• [Exercise instructions]: Using the data that follows, return exactly the lines from the one that contains "Jakkarilan sali. 10-huoneisen" through the one that contains "Sac De Presentation", ends included.

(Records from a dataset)
· · · · · · ·
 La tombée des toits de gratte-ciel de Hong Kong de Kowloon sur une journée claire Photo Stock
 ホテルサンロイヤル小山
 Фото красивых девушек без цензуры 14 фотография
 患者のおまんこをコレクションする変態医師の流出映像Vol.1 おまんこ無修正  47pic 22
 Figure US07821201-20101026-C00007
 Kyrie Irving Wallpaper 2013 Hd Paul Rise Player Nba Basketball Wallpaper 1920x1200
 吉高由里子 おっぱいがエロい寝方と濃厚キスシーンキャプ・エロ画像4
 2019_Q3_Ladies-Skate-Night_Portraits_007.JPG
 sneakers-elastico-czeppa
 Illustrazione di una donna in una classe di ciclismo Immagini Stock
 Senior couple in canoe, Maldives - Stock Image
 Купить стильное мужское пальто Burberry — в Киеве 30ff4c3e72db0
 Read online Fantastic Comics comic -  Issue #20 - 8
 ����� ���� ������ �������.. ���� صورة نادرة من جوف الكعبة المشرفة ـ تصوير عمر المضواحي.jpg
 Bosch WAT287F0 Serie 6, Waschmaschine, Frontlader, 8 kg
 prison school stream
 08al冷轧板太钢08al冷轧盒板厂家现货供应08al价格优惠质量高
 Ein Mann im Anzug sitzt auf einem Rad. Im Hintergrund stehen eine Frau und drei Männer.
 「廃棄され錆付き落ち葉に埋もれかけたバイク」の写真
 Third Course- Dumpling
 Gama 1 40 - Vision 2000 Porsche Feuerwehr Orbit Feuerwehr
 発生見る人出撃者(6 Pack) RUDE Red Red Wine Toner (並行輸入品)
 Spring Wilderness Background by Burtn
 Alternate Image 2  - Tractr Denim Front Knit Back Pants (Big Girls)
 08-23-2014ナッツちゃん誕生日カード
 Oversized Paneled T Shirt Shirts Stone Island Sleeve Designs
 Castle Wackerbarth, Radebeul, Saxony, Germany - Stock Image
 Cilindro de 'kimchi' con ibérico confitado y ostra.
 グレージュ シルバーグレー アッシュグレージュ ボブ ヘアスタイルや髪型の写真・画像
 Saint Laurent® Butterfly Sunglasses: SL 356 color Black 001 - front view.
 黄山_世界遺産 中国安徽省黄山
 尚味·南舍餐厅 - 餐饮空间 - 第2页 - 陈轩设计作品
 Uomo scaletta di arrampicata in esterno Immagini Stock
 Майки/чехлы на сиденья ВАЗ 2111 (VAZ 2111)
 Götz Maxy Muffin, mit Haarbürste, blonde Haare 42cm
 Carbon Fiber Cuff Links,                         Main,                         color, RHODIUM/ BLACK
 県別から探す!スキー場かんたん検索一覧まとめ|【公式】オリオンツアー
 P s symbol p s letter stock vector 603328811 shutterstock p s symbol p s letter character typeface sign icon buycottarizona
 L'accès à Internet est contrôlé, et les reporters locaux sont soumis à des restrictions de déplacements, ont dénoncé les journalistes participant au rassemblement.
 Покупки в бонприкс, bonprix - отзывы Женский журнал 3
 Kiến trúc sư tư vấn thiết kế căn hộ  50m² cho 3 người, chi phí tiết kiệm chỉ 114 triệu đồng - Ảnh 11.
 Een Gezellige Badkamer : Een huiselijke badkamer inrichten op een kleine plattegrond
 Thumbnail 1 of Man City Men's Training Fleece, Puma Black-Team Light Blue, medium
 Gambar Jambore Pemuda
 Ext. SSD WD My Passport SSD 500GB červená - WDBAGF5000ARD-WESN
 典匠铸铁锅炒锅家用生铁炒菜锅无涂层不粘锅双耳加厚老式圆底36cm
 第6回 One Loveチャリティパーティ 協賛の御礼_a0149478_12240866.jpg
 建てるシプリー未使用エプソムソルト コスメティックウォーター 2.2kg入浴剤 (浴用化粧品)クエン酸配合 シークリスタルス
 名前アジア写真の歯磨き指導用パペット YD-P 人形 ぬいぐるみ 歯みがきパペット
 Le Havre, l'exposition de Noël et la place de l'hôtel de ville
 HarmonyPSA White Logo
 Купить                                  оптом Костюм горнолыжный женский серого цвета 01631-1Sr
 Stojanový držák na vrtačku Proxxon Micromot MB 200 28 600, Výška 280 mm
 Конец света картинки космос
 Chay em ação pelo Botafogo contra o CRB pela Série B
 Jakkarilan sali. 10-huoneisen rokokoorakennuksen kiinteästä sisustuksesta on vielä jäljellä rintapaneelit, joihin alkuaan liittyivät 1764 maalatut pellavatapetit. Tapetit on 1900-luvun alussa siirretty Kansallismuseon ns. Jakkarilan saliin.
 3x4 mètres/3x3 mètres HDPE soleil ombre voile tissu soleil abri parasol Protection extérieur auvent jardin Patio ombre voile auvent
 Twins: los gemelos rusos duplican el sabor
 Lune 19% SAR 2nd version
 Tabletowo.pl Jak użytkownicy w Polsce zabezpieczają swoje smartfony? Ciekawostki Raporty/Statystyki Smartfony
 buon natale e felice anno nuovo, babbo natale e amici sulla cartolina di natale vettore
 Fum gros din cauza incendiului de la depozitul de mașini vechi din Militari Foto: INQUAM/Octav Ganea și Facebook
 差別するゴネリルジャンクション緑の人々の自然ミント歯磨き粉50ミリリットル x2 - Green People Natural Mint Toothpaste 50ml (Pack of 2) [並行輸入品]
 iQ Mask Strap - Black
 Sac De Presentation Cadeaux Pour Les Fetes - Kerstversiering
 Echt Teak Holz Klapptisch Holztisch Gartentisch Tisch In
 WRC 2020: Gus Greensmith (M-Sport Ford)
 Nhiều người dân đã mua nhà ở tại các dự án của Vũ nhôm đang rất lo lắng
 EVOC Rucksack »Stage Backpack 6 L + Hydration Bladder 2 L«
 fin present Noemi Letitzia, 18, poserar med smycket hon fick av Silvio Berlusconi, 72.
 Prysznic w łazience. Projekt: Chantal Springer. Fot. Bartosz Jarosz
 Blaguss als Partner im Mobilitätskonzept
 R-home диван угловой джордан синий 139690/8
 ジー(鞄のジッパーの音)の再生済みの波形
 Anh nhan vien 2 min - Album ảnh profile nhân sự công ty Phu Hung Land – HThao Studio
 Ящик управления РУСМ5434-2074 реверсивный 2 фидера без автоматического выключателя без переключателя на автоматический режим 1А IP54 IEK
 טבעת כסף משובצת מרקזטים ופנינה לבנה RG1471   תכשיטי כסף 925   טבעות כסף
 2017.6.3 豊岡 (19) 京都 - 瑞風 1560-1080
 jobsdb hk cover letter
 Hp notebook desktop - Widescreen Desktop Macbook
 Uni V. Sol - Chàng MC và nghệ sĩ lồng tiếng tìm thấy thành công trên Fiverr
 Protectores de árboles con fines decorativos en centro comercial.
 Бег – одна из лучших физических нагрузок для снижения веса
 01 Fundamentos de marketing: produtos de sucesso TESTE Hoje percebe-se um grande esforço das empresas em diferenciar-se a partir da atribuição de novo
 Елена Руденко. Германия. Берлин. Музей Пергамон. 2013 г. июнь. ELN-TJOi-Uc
· · · · · · ·
• [Expected answer]:
 Jakkarilan sali. 10-huoneisen rokokoorakennuksen kiinteästä sisustuksesta on vielä jäljellä rintapaneelit, joihin alkuaan liittyivät 1764 maalatut pellavatapetit. Tapetit on 1900-luvun alussa siirretty Kansallismuseon ns. Jakkarilan saliin.
 3x4 mètres/3x3 mètres HDPE soleil ombre voile tissu soleil abri parasol Protection extérieur auvent jardin Patio ombre voile auvent
 Twins: los gemelos rusos duplican el sabor
 Lune 19% SAR 2nd version
 Tabletowo.pl Jak użytkownicy w Polsce zabezpieczają swoje smartfony? Ciekawostki Raporty/Statystyki Smartfony
 buon natale e felice anno nuovo, babbo natale e amici sulla cartolina di natale vettore
 Fum gros din cauza incendiului de la depozitul de mașini vechi din Militari Foto: INQUAM/Octav Ganea și Facebook
 差別するゴネリルジャンクション緑の人々の自然ミント歯磨き粉50ミリリットル x2 - Green People Natural Mint Toothpaste 50ml (Pack of 2) [並行輸入品]
 iQ Mask Strap - Black
 Sac De Presentation Cadeaux Pour Les Fetes - Kerstversiering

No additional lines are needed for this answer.